As part of the Vatican delegation, Father Benanti translated terminology during the 2019 conference. He said Francis at first didn’t understand what Microsoft was actually doing, but that Smith pulled one of the pope’s social media speeches from his pocket and told him that the company executive had highlighted and shared it. He said he liked the fact that he expressed his concerns to the pope.

Francis, who Father Benanti said has become more knowledgeable about AI, has since become more active, especially after an image of the pope wearing an AI-designed white puffer coat went viral. Father Benanti said the pope liked that the discussion was not about technology but about “what you can do to protect the vulnerable.”

Father Benanti, who said he is not paid in any way by Microsoft, participated in a meeting last month with Microsoft co-founder Gates and Meloni, who is concerned about the impact of AI on the workforce. “She has to run the country,” he said.

she has now appointed Father Benanti will replace the disgruntled head of the Italian media’s AI committee.

“Obedience to authority is a vow,” Father Benanti said, fiddling with the knot in the lace belt of his robe, which represents the Franciscan promise of obedience, poverty and chastity.

The commission is studying ways to protect Italian writers.
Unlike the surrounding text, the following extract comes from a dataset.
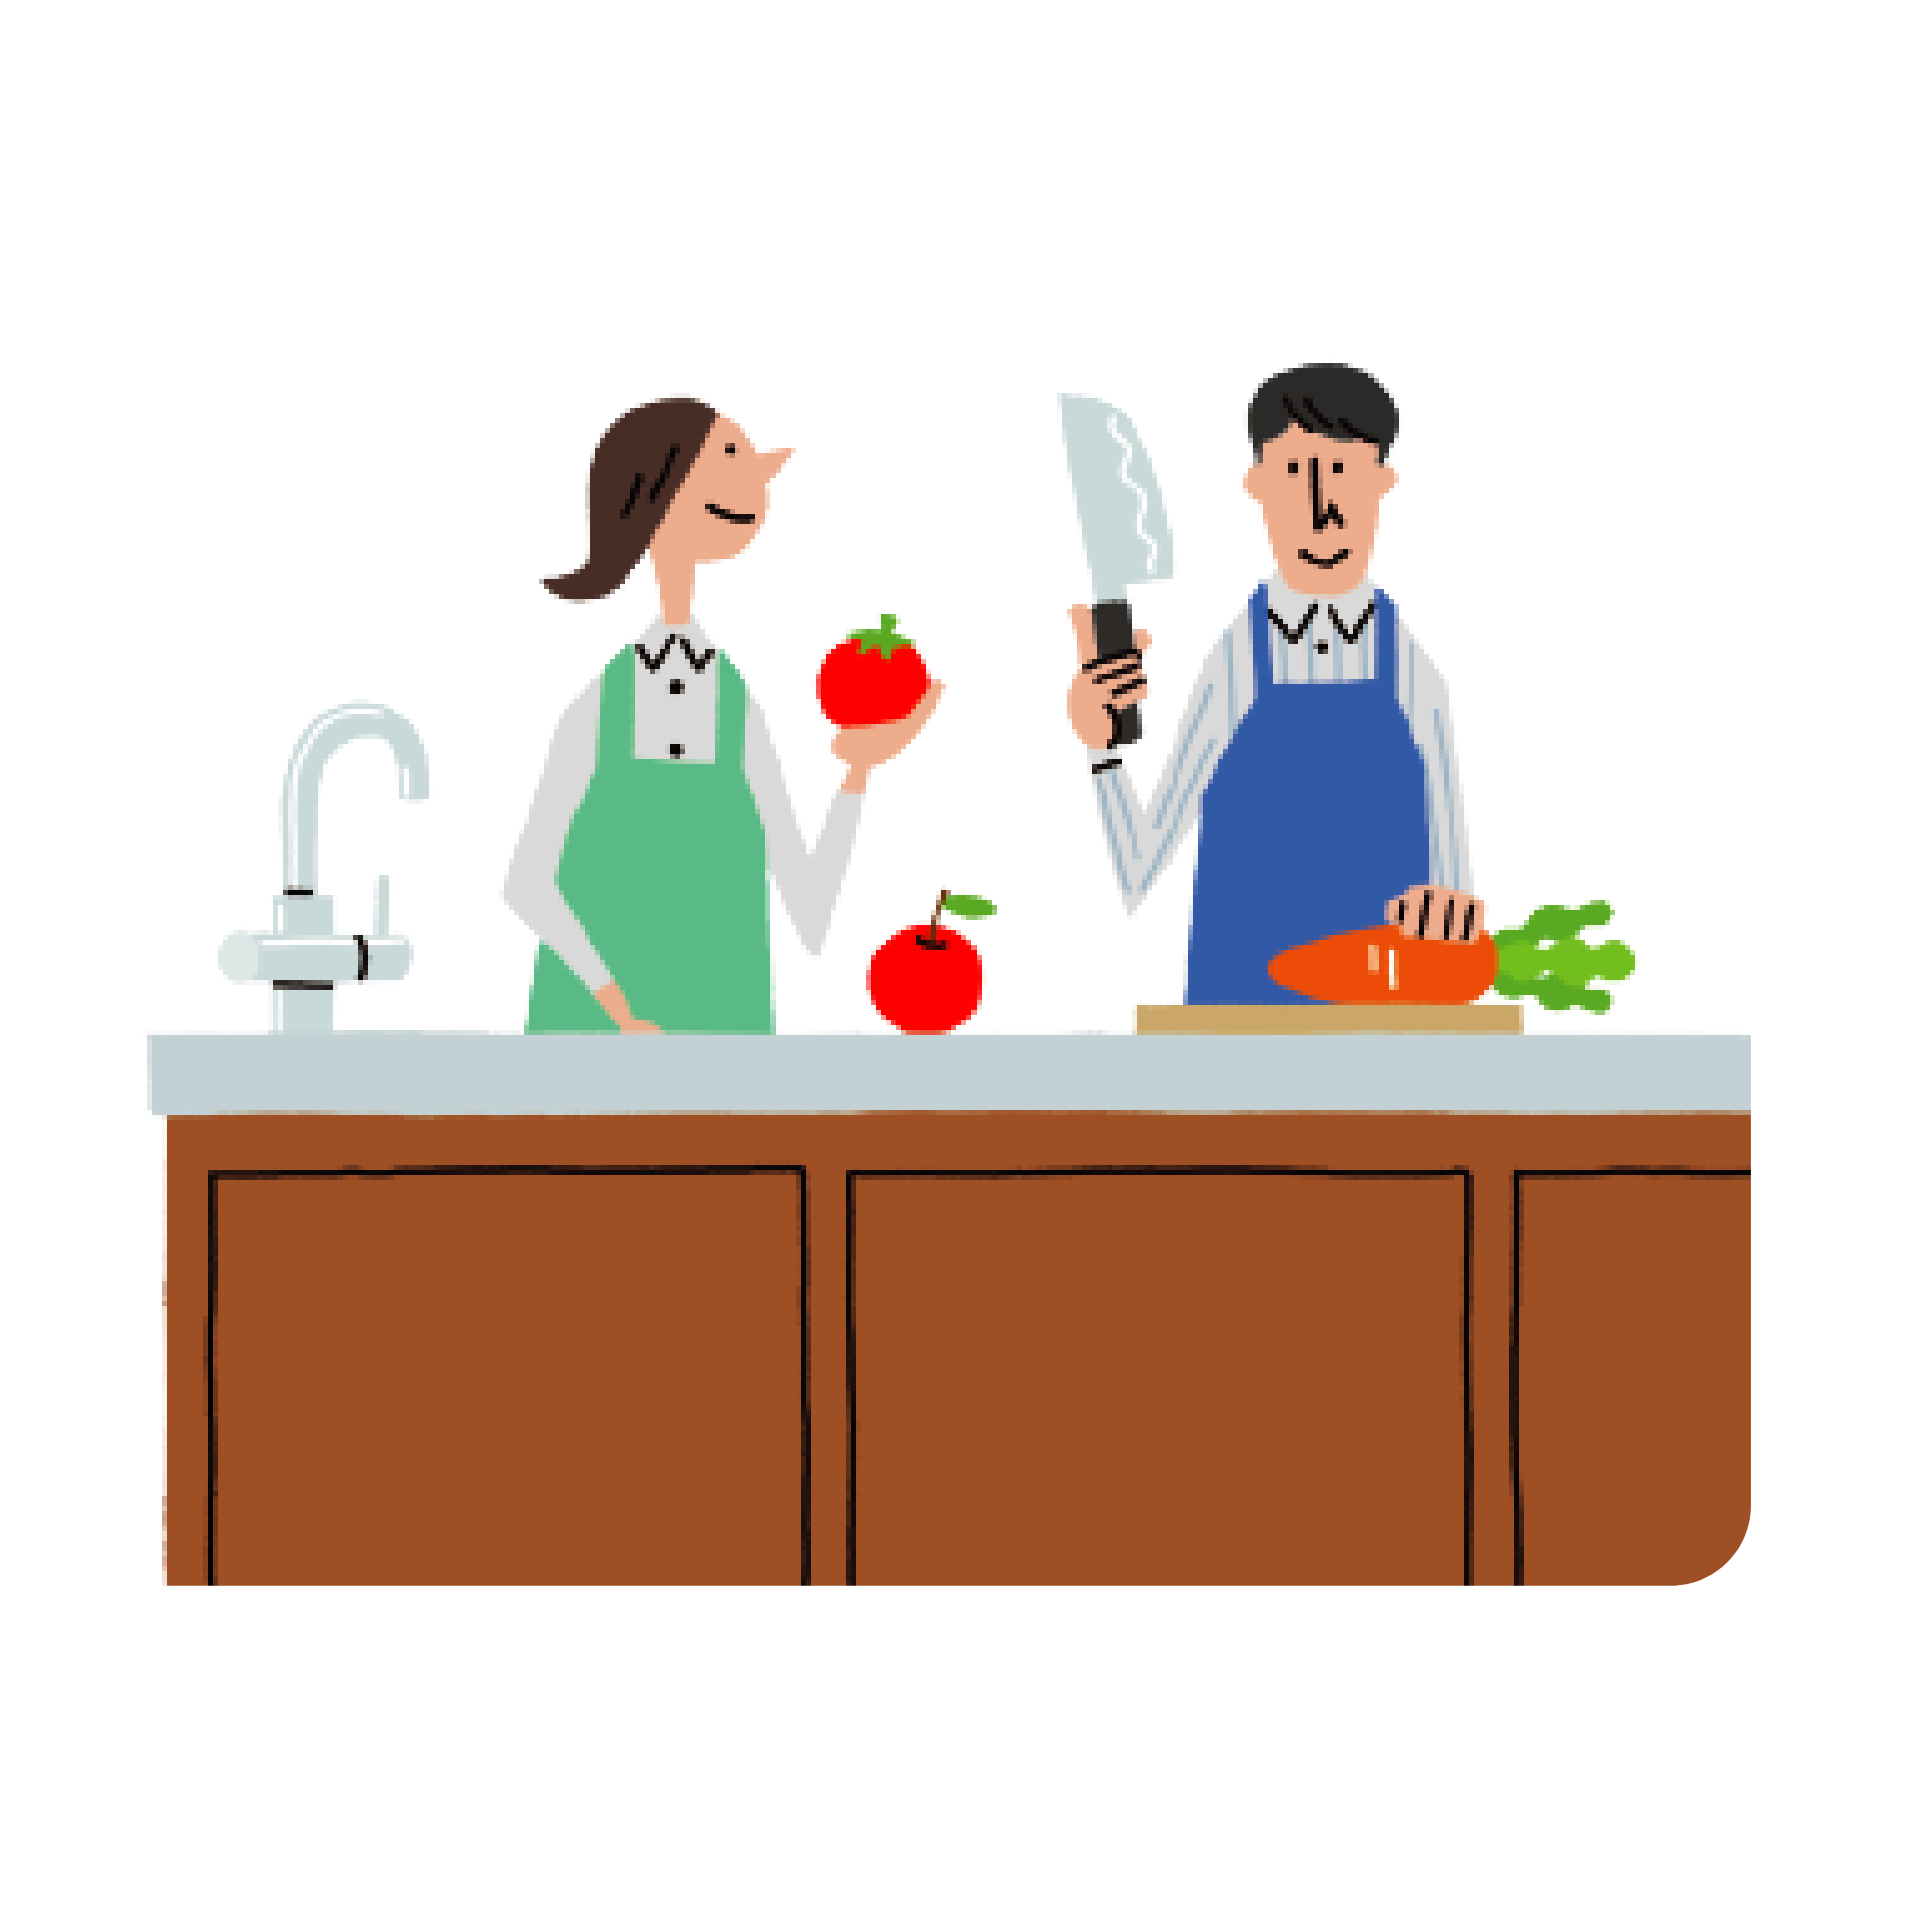 健康野菜の料理教室 10月22日(金)

Father Benanti believes AI companies should be held accountable for using copyrighted sources to train chatbots, but worries it will be difficult to prove because the companies are “black boxes.” ing.

But for Father Benanti, that mystery, even if of a dark kind, has once again imbued technology with magic. In that sense, he said, this is not all that new, and just as ancient Roman augers turned to the flight of birds for direction, so too do we look to our physical, emotional and preferential data. He argued that AI, which can grasp vast amounts of information, has the potential to become a new oracle. Make decisions and replace God with false idols.

“It’s probably an old thing we thought we left behind,” said the monk. “But it’s coming back.”